╭──

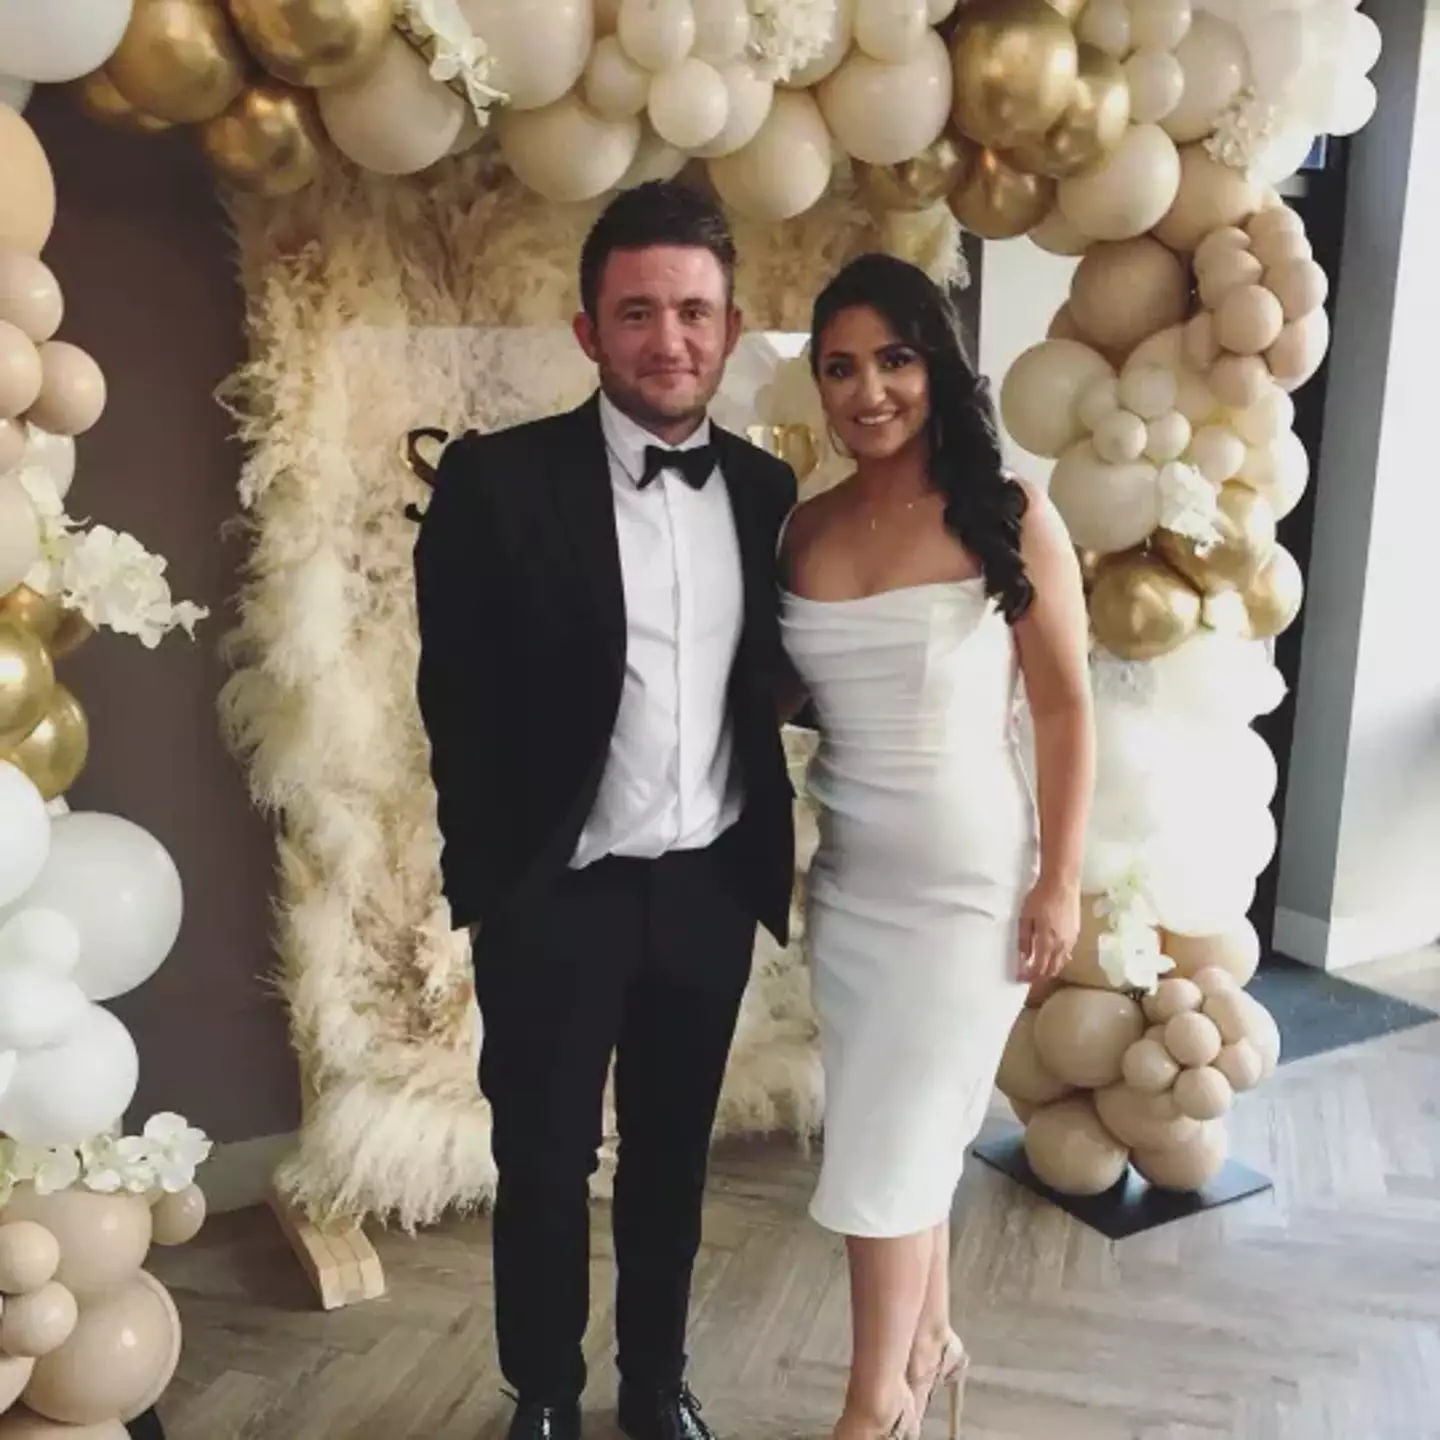 Reports claim that Shane Nolan and Maddie Wahdan have split up.
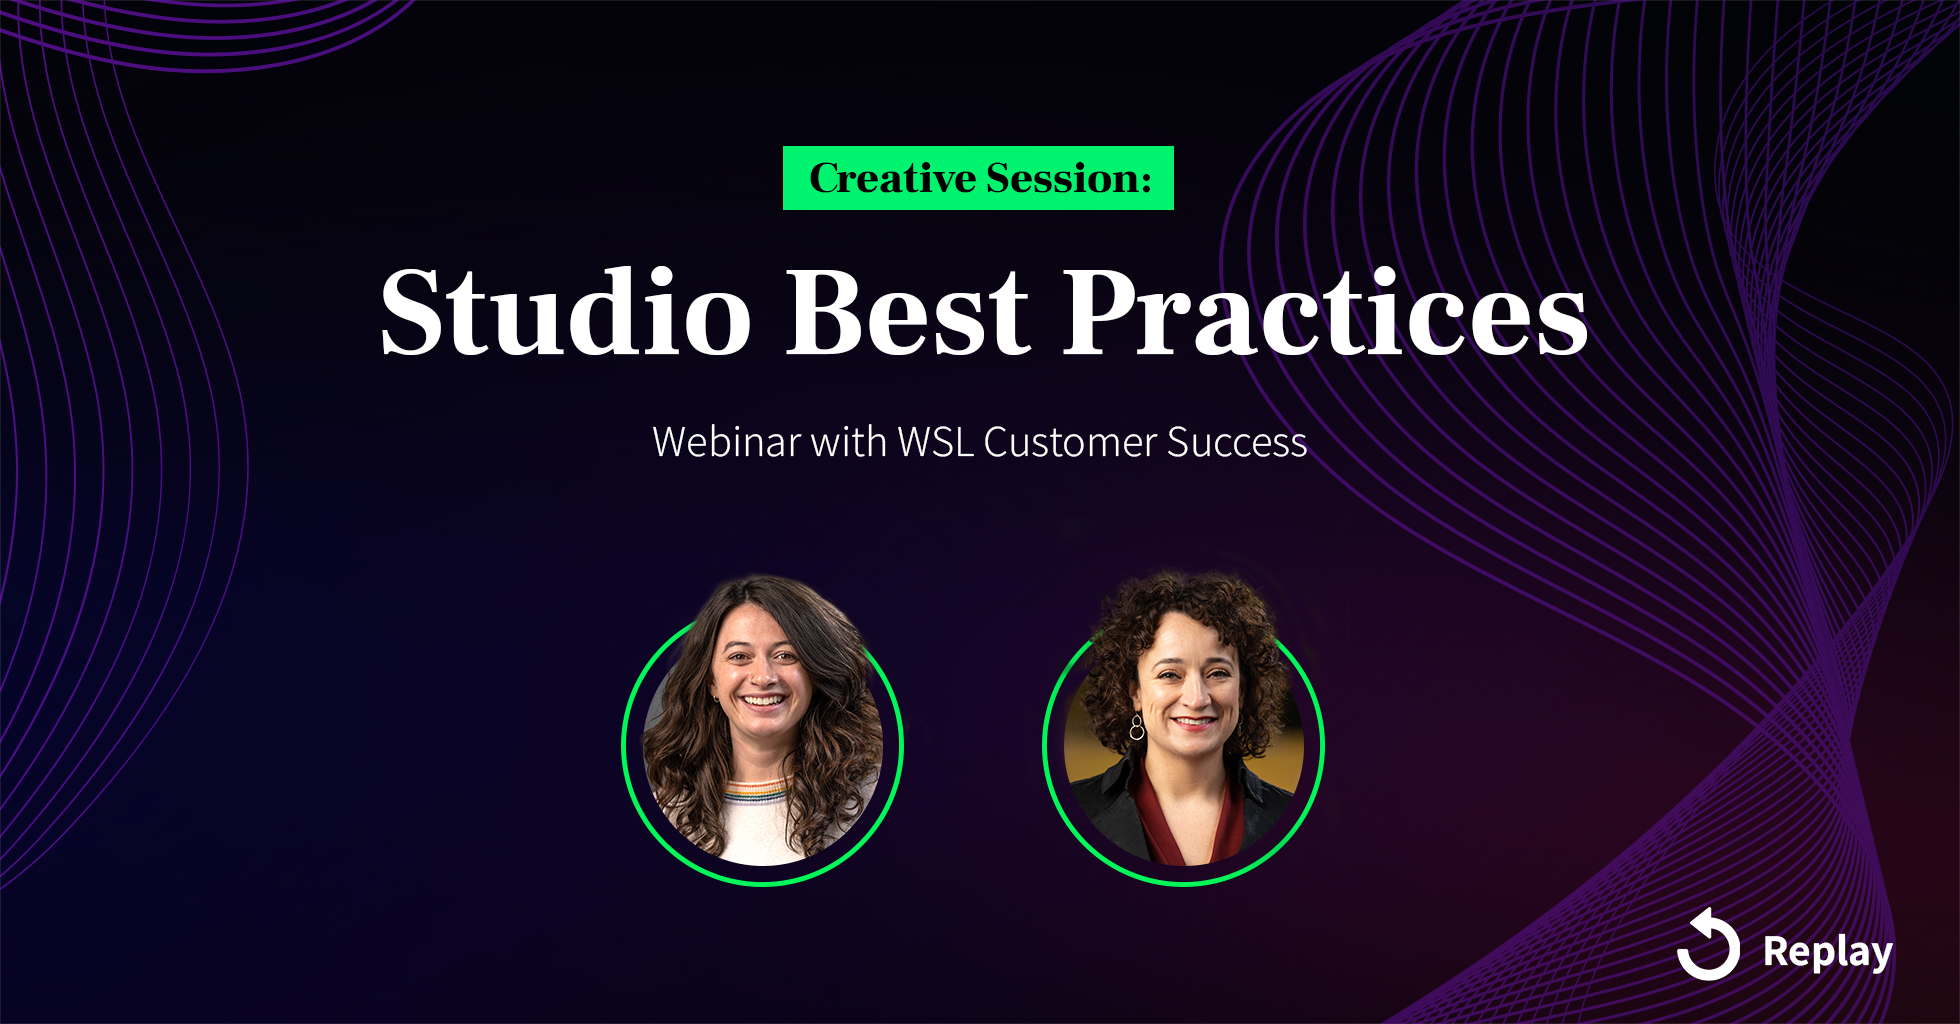 Learn best practices for WSL Studio with our product expert in this creative session.
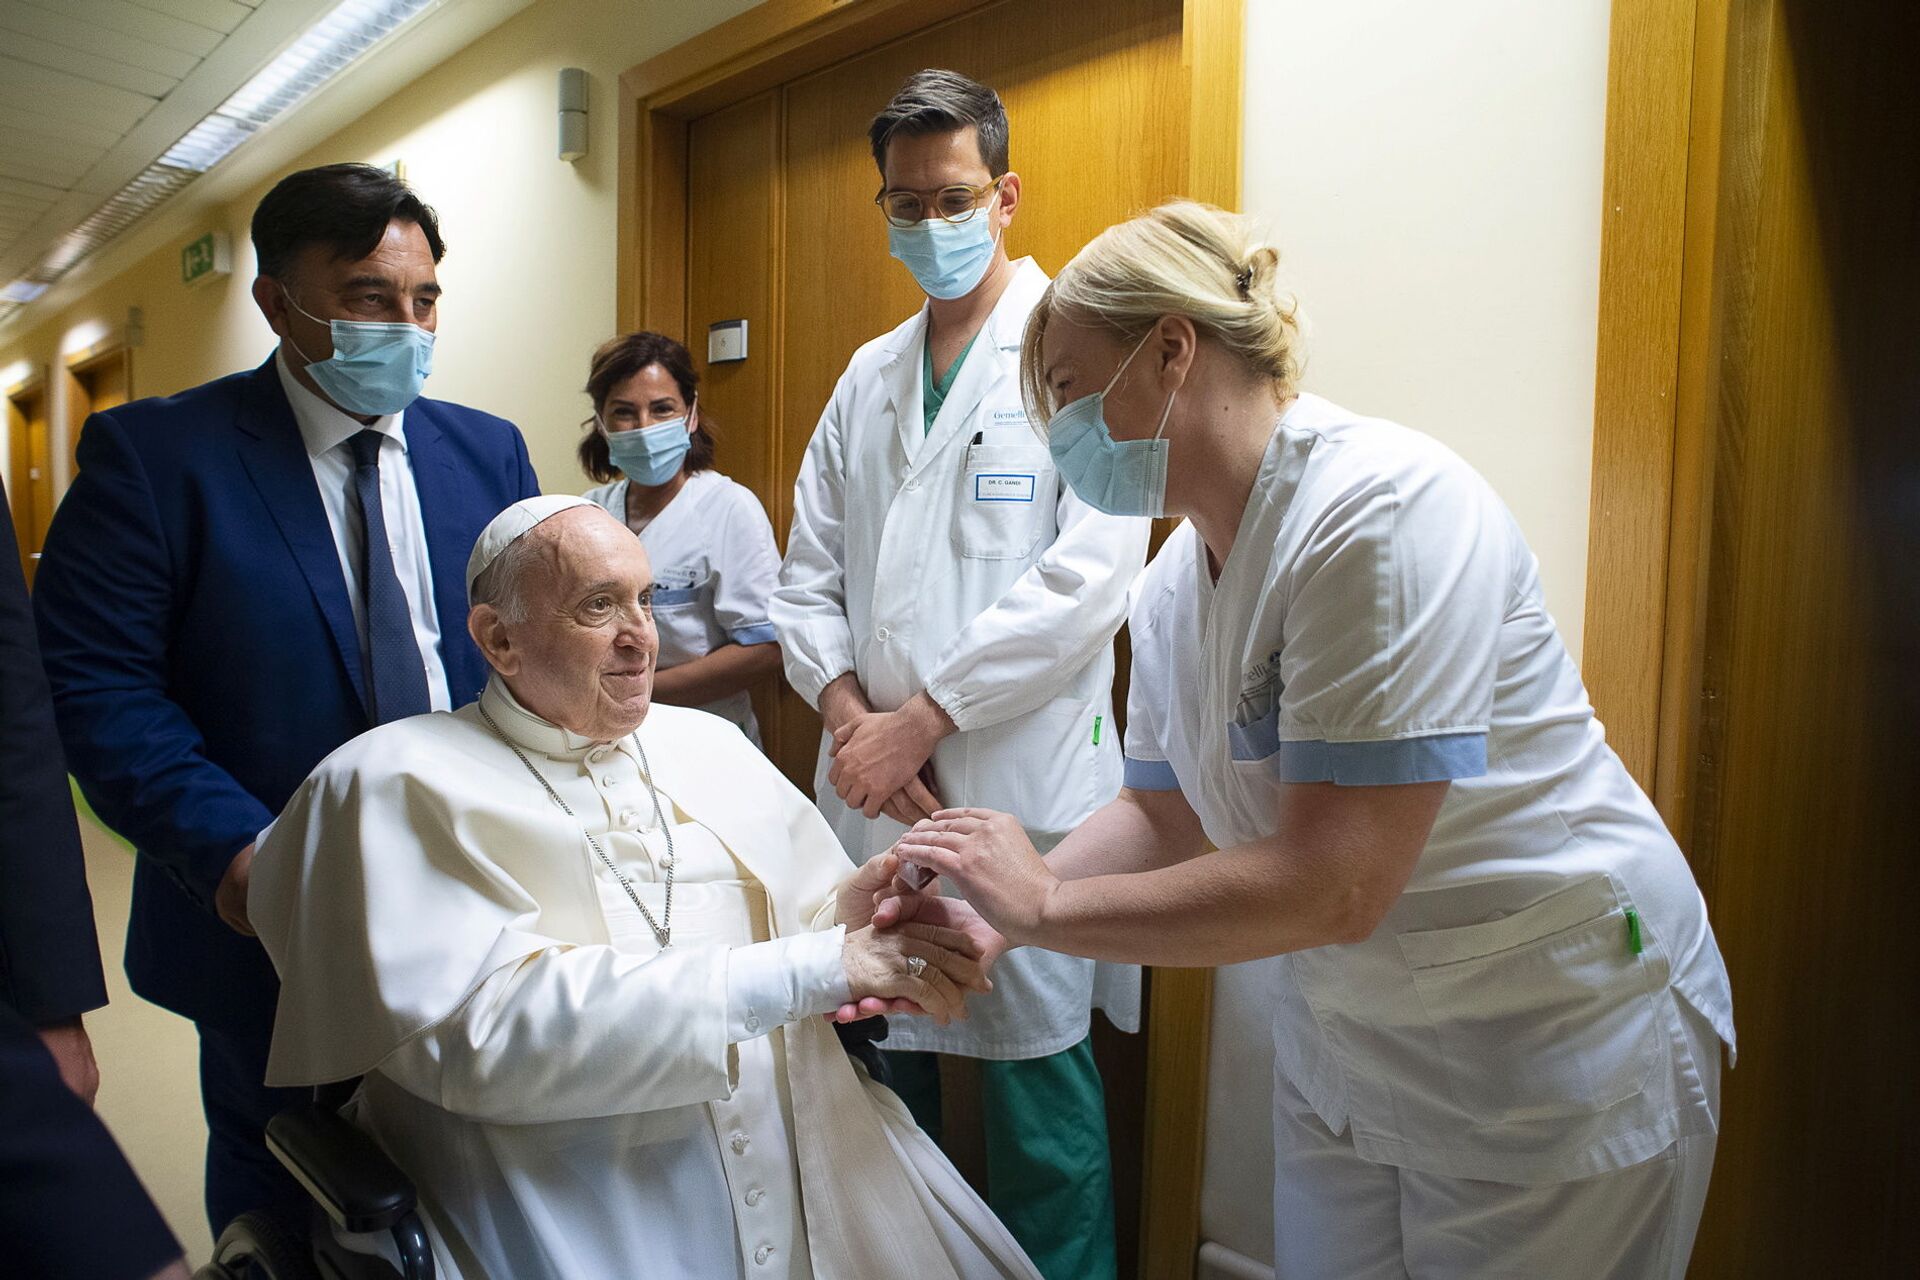 Pope Francis speaks with a health worker at the Gemelli hospital, as he recovers following scheduled surgery on his colon, in Rome, Italy, July 11, 2021 - Sputnik International, 1920, 07.09.2021

╰──

» **Try it**
Quote the data above in full, leaving out the pictures it holds.

» **Solution to the exercise**
 Reports claim that Shane Nolan and Maddie Wahdan have split up.
 Learn best practices for WSL Studio with our product expert in this creative session.
 Pope Francis speaks with a health worker at the Gemelli hospital, as he recovers following scheduled surgery on his colon, in Rome, Italy, July 11, 2021 - Sputnik International, 1920, 07.09.2021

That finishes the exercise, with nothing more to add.